Now onto the life part. They say “with life comes death and the other way around”, well they were right. With the loss of my dad we did gain the life of my niece Evelynn Nicole Bargmann. Evelynn was born on June 30th, 2016, two months early and weighing in at a great base weight but bad birth weight of 2lbs 7oz. My family stayed strong and Evelynn is now happy, healthy, squishier and cuter than ever. I have to give my brother Nick and my sister-in-law Kristen, a huge shout out here. Not only were they still grieving but enduring the physical and psychological trials of a premature baby in the NICU for a month, but the many trying months before and after a baby is born. At this point I’d say they’d both successfully thru-hike the trail and would probably smile the whole way.

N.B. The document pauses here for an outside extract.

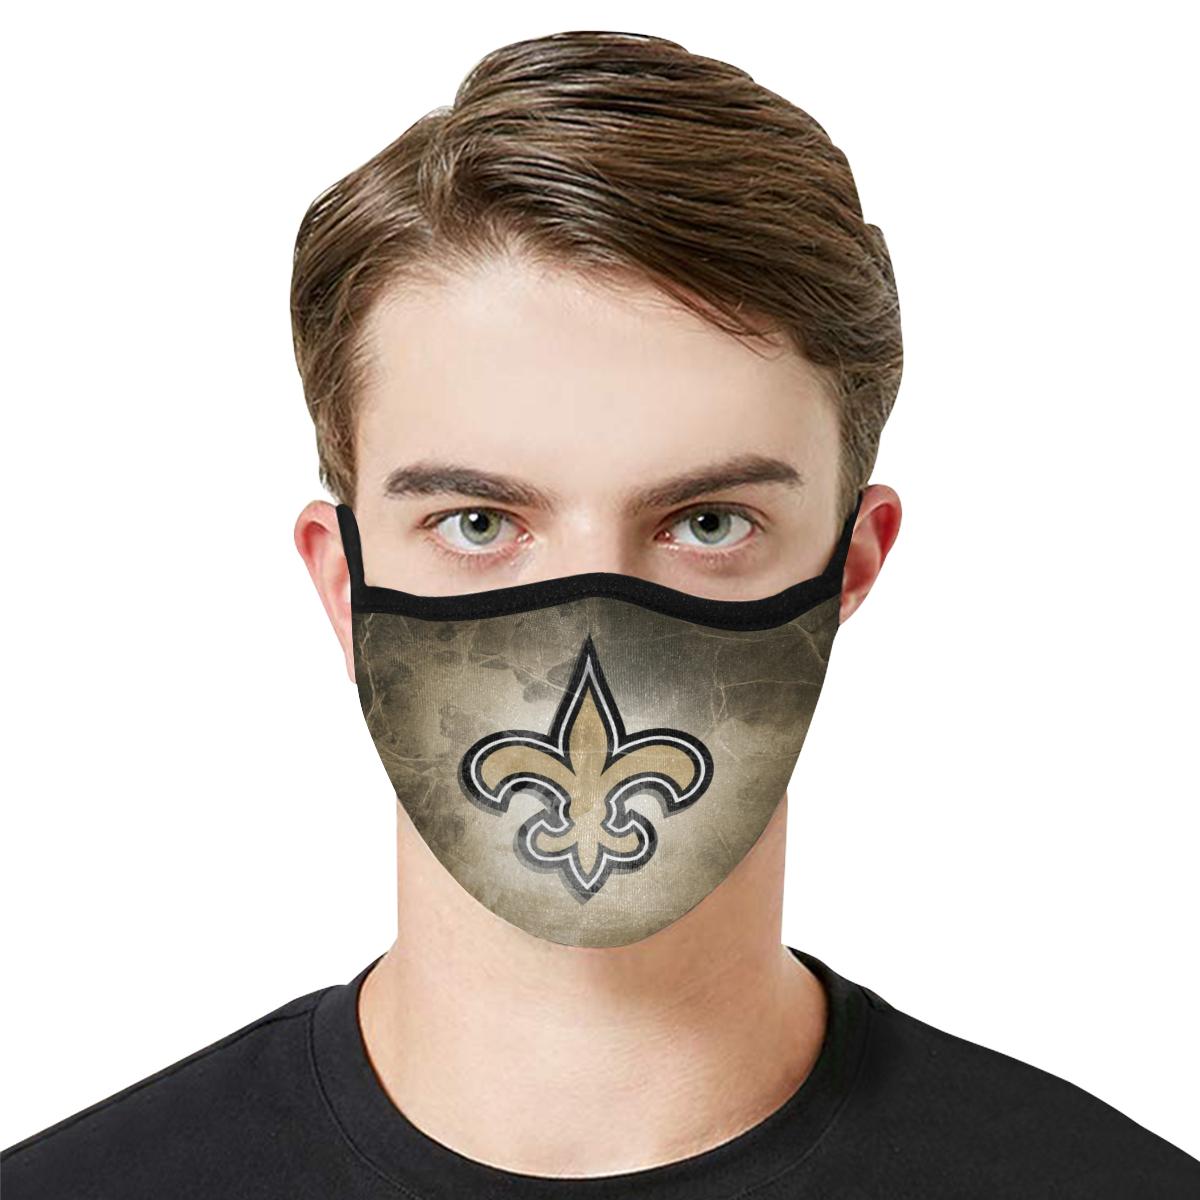 National football league new orleans saints cotton face mask 1

Last but not least there is Mom. Let me just say “I love you Mom!” My mom, Linda, has been the rock to all of us through the hard times this year and all the years of our lives before. Without her I don’t know how I would have coped with my dads loss. She’s beautiful, loving, smart, strong, and well a survivor. She has made me the woman I am and I am a proud daughter. That is why she is my main support unit on my hike. Her favorite animal is the Puffin and her official trail name is Momma Puffin or Mother Puffin, as she says. Mom rules.
Why I Am Hiking The A.T.
I will share my ‘list of reasons’ in a separate post, this is the more in depth version.

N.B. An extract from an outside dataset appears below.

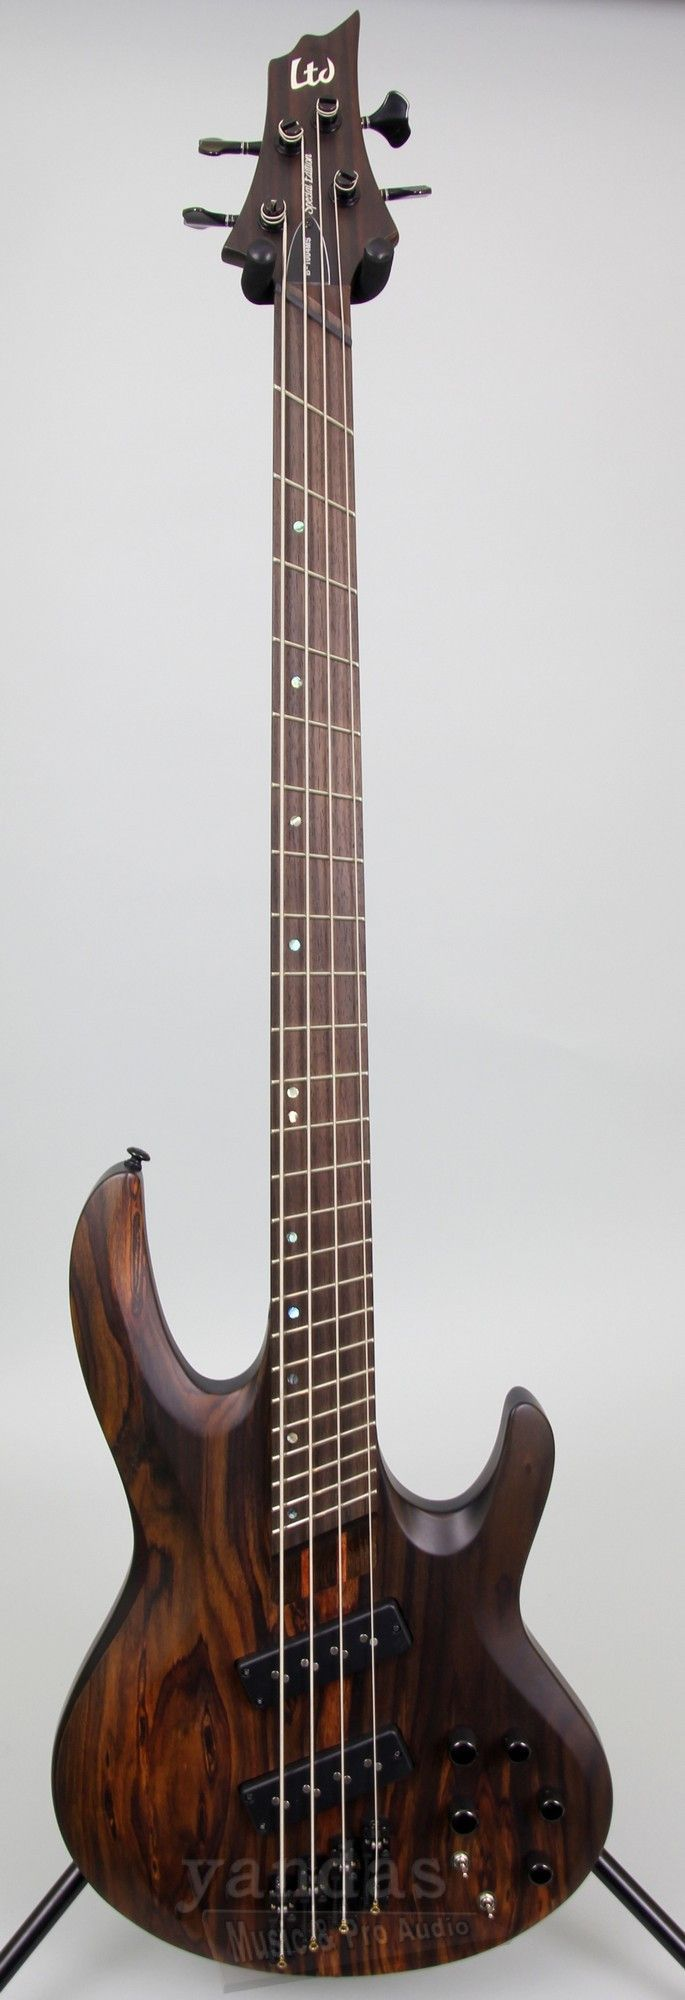 store demo ltd b 1004se multi scale bass guitar right handed guitars bass in 2019. Black Bedroom Furniture Sets. Home Design Ideas

- I strongly believe that the Appalachian Trail is magical. Mother nature is magical. It heals the mind, body and soul. There’s not much the fresh air and sunshine won’t fix and I know it can help fix my broken heart.

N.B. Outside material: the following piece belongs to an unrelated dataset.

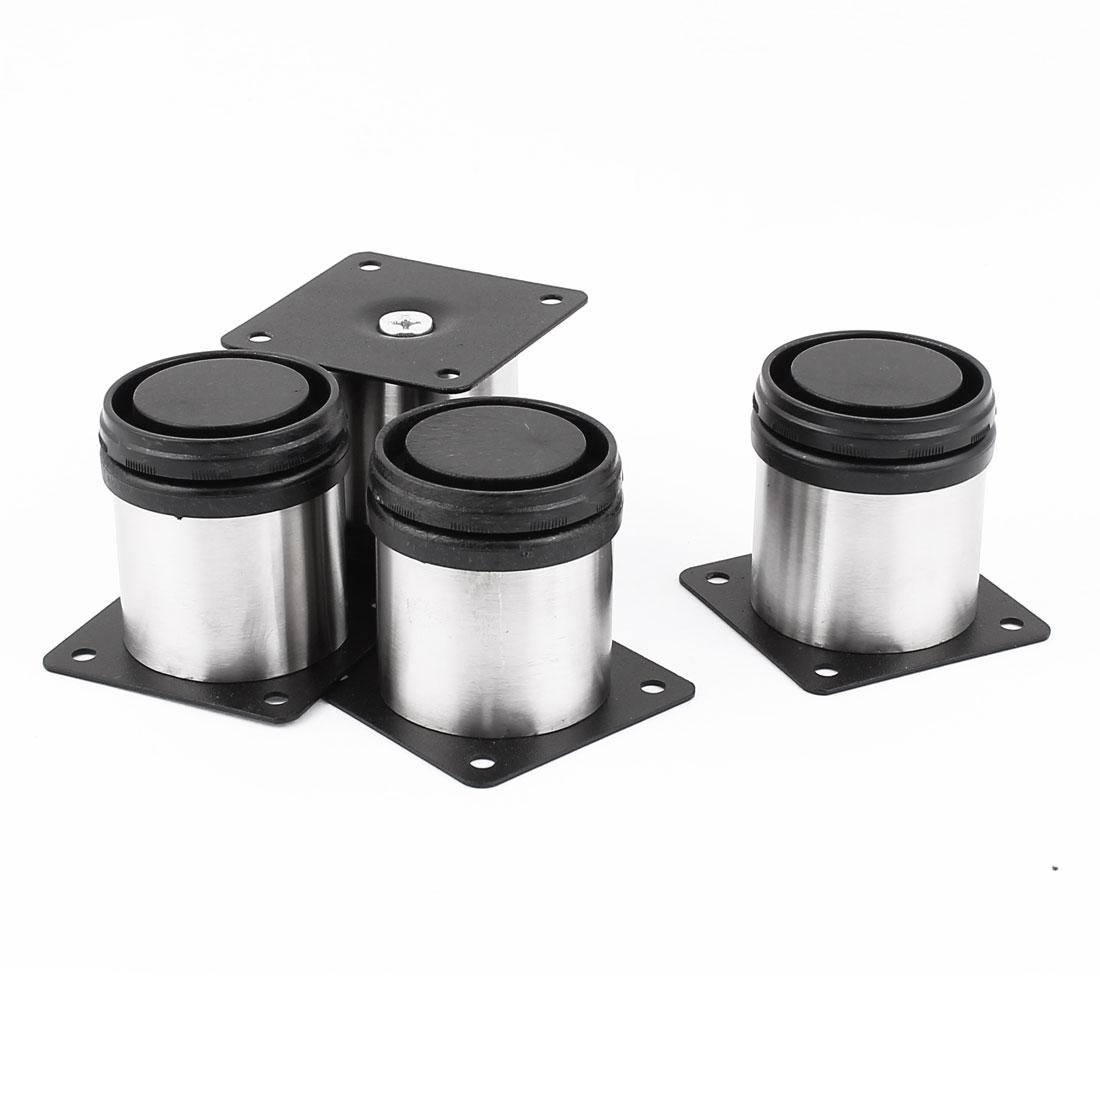 Kitchen Furniture 60mm Adjustable Cabinet Legs Feet Plinth 4pcs

- Not only am I hiking the AT for me but for my dad; he would be so proud and so jealous that I am actually doing this. Dad talked about hiking it with me but would joke that he’s “too old and too tired”.
- When my dad died a piece of me died too; and I know the trail will help me bring that part of me to life again.
- To honor my family. Because of them I am able to do this.
- I want to make my mom, my husband, my brother and my grandparents proud.
- It will be a story I cant wait to tell my little niece and my future kids someday and hopefully inspire them to dream.
- To inspire all the people in my life to dream and live life to the fullest.
- The fact the the odds are against me just makes me want to hike it even more. I love a good challenge. Defying the odds will make me feel like a bad-ass if I complete the whole thing and I could use the confidence boost.
- I want to live. I want to thrive. I want to be free.
- So I can let go of everything and let in the beauty of the trail.
- I want to be completely emerged in nature. No work, no traffic, no schedule, no driving. My goal each day will be to enjoy each day. Also to survive.
- Why do I want to hike the AT? So I can take a long walk and smell the roses, all the roses. So I can spend everyday in the elements and let they remind me to be thankful for the sun the wind and the rain; for all the mountains, forests and trees; for each sunrise, each sunset.
If you made it this far not only am I impressed with you but with myself as well.
Now that all of that is off of my chest I must go and continue trying to lower my base weight. Only 43 days until Springer Mountain and there’s still a lot of work to be done.